Parmi les principaux sujets abordés figuraient la capitalisation et la pérennisation des acquis. Les discussions et résolutions des membres de l’UCR se sont également focalisées sur la rentabilité et l’efficacité des actions contre la pêche illégale. L’une des approches considérées dans ce sens consiste à identifier les principales zones de pêche de la région où les opérations de surveillance devront se concentrer. L’atelier s’est également penché sur l’utilisation des nouvelles technologies, tels que les images satellites et les drones, ainsi que sur la fréquence accrue des échanges et formations d’inspecteurs et d’observateurs en mer.

Grâce au PRSP, il a été possible d’effectuer 49 patrouilles conjointes s’étalant sur 1 228 jours dans les mers de l’océan Indien occidental entre 2007 et 2017. Le PRSP a également permis de saisir 12 navires pêchant illégalement et de relever 120 infractions. Le Système régional de suivi par satellite des navires, mis en place dans le cadre de cette initiative, a également contribué à la surveillance de 670 bateaux et au partage de 410 images satellites.

La réactivation du PRSP s’inscrit dans le cadre des activités d’E€OFISH. Financé et promu par l’UE, ce programme vise à faire de la pêche durable un levier économique pour la région de l’Afrique de l’Est, l’Afrique australe et l’océan Indien.
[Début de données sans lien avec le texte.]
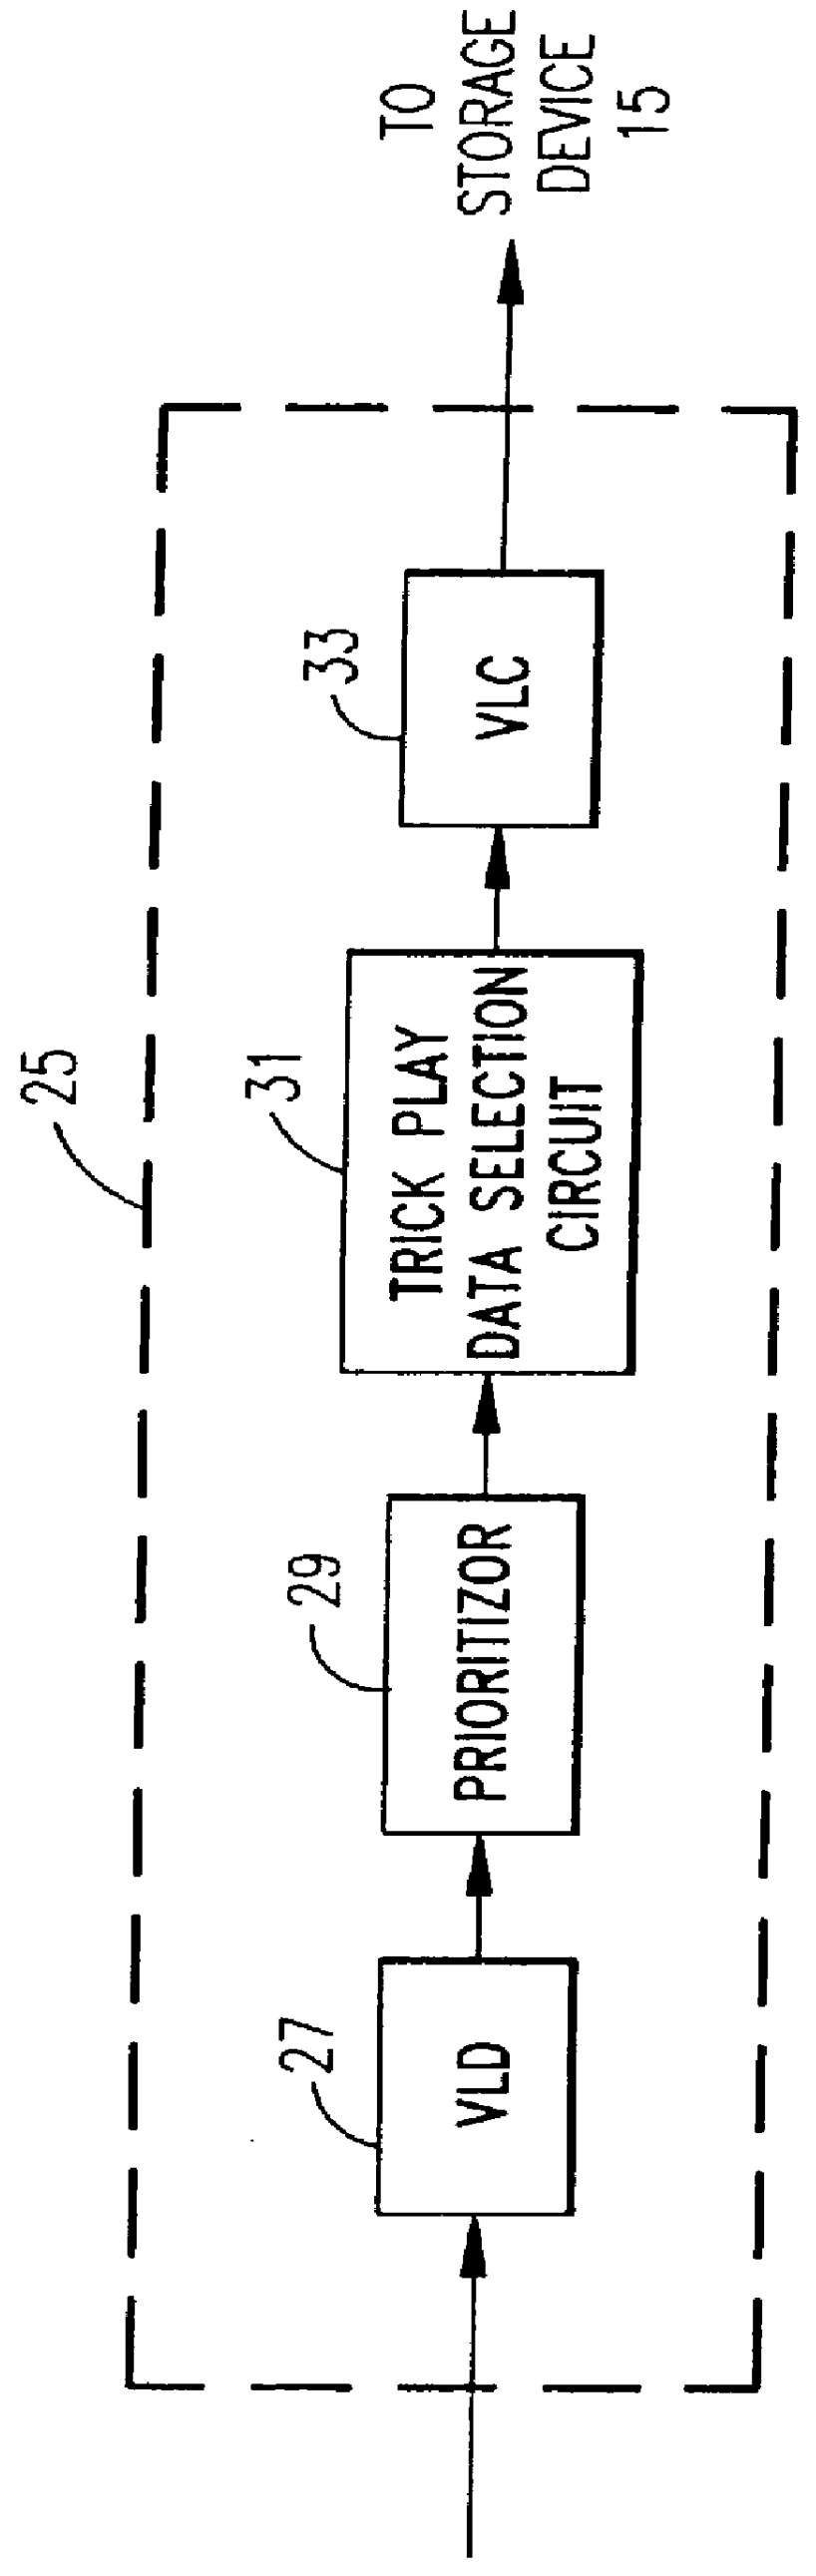 Method and apparatus for achieving video data reduction through the use of re-encoding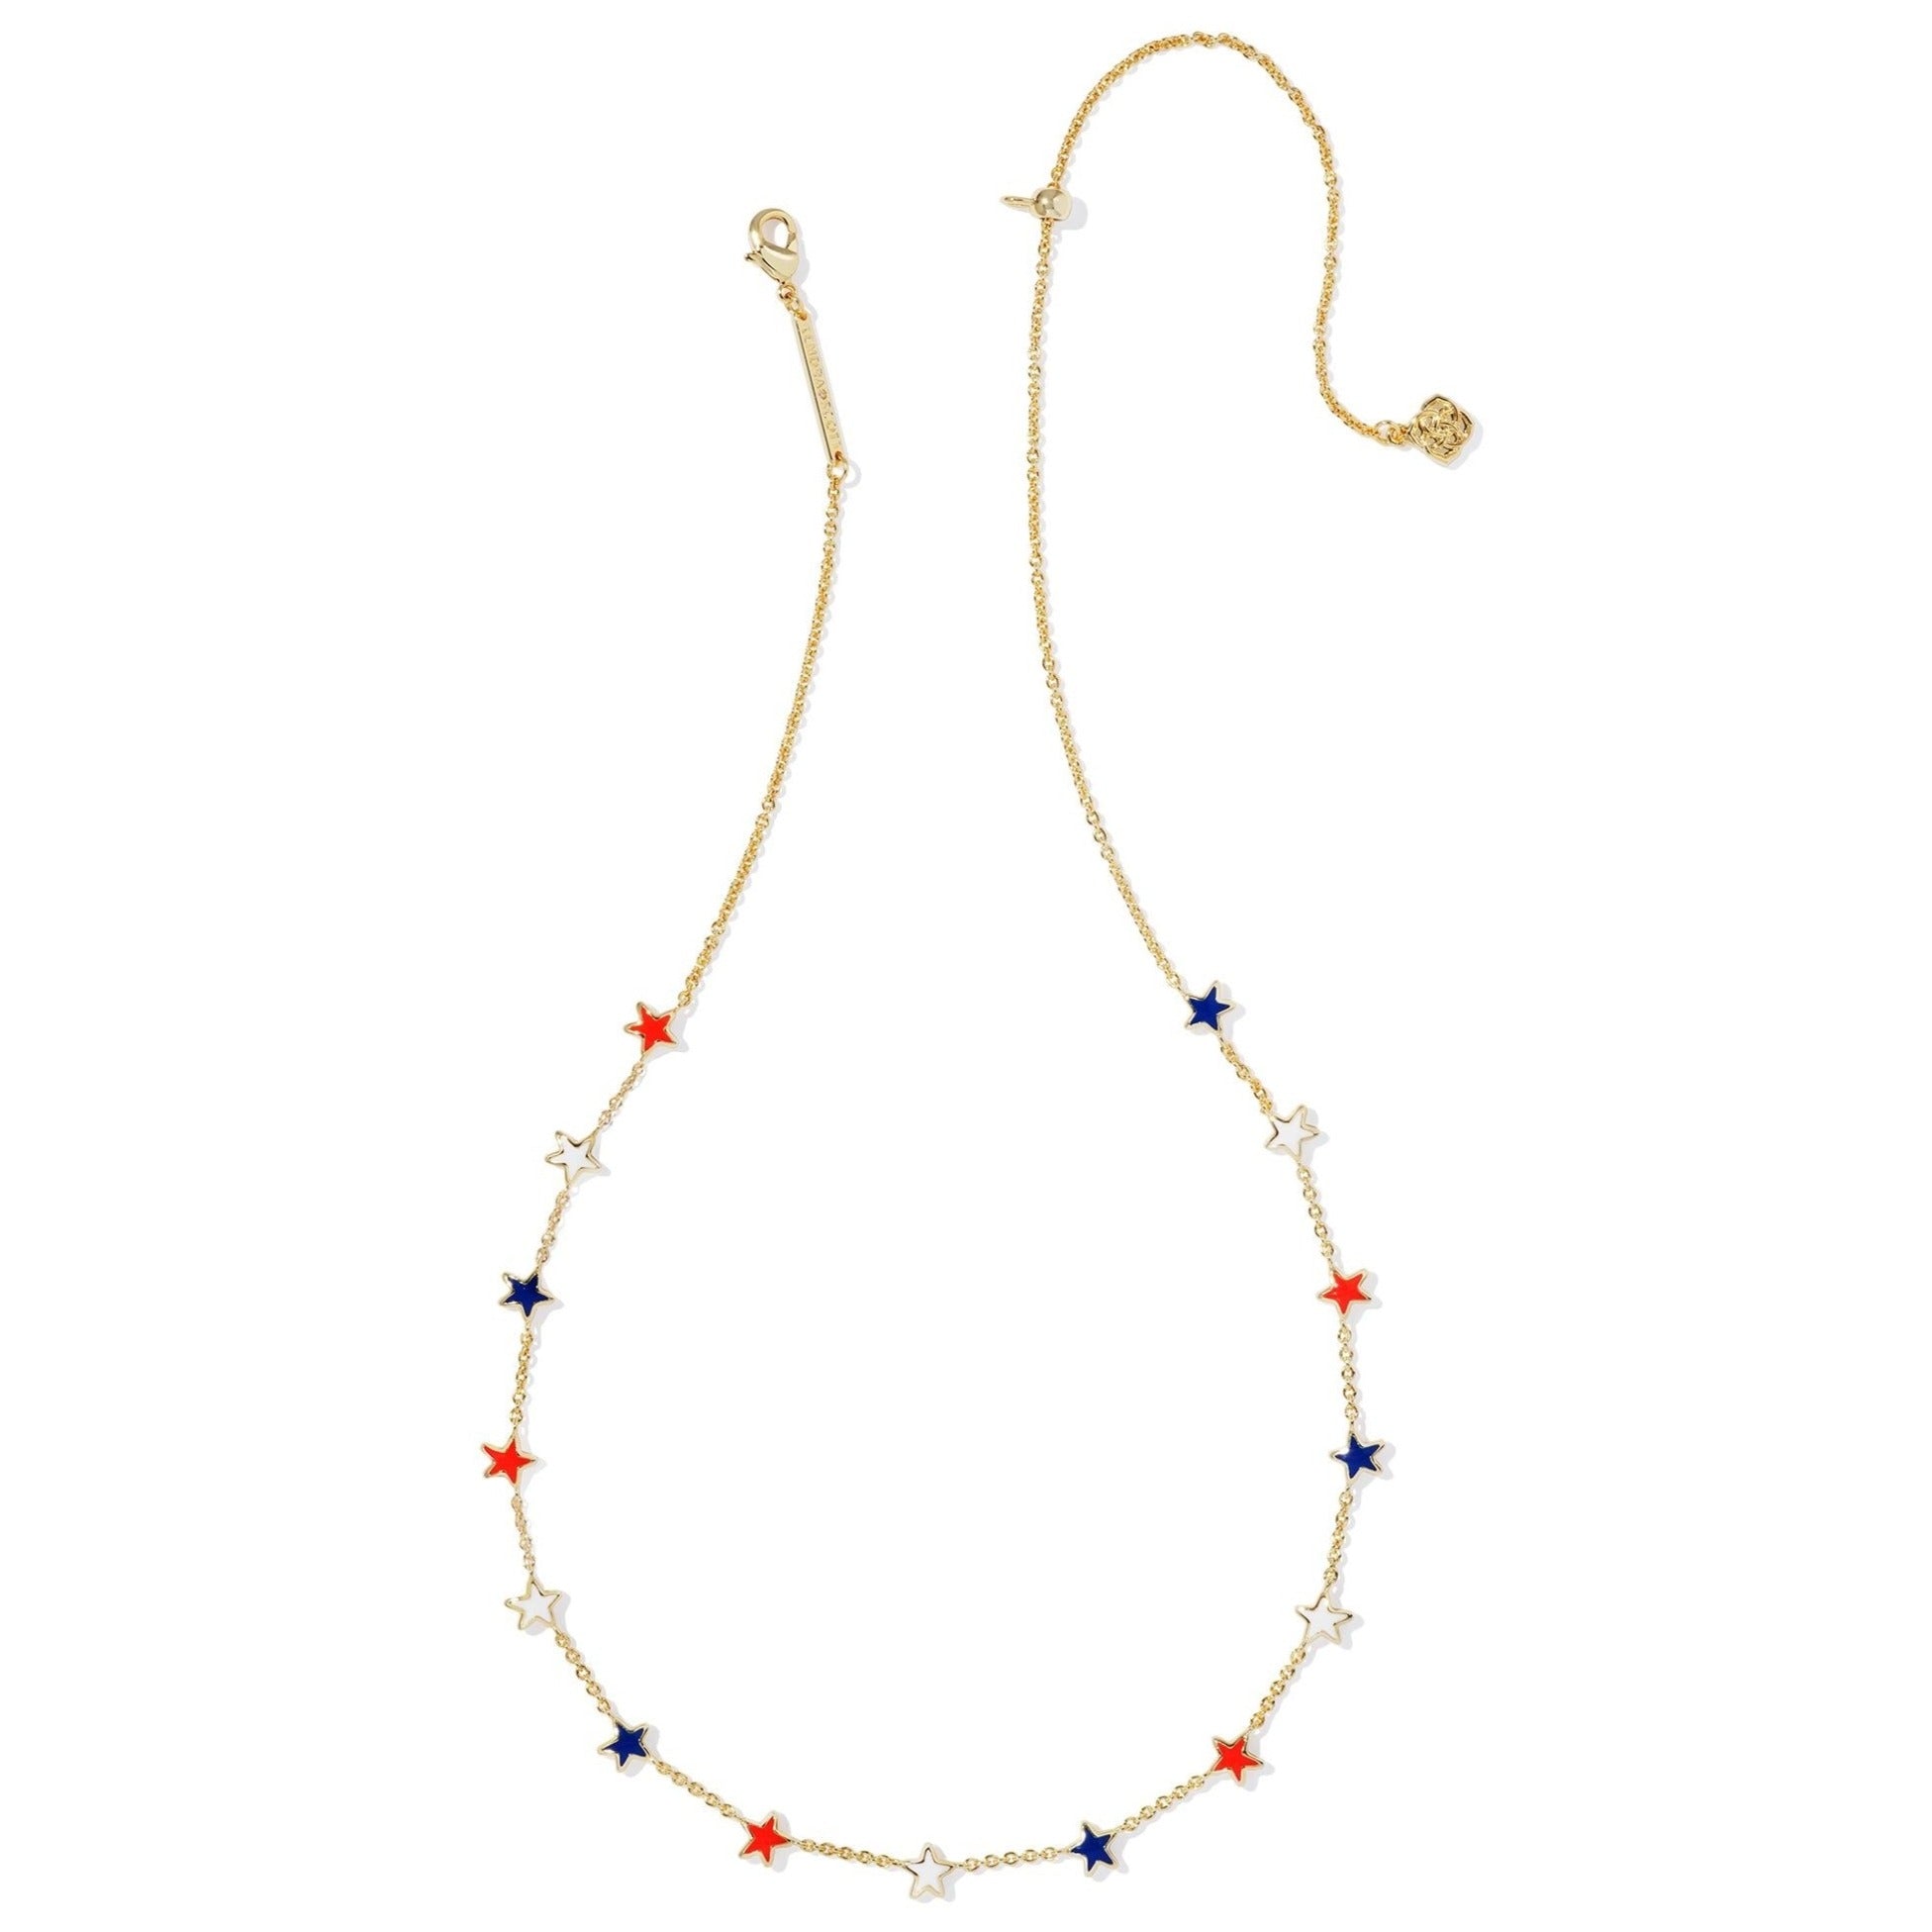 Kendra Scott | Sierra Gold Star Strand Necklace in Red, White, and Blue Mix - Giddy Up Glamour Boutique

Dans cette perspective, E€OFISH réunit la COI, l’Agence du lac Tanganyika, l’Organisation des pêches du lac Victoria, le Marché commun de l’Afrique orientale et australe, la Communauté d’Afrique de l’Est, l’Autorité intergouvernementale pour le développement, la Commission des thons de l’océan Indien et la Communauté de développement d’Afrique australe.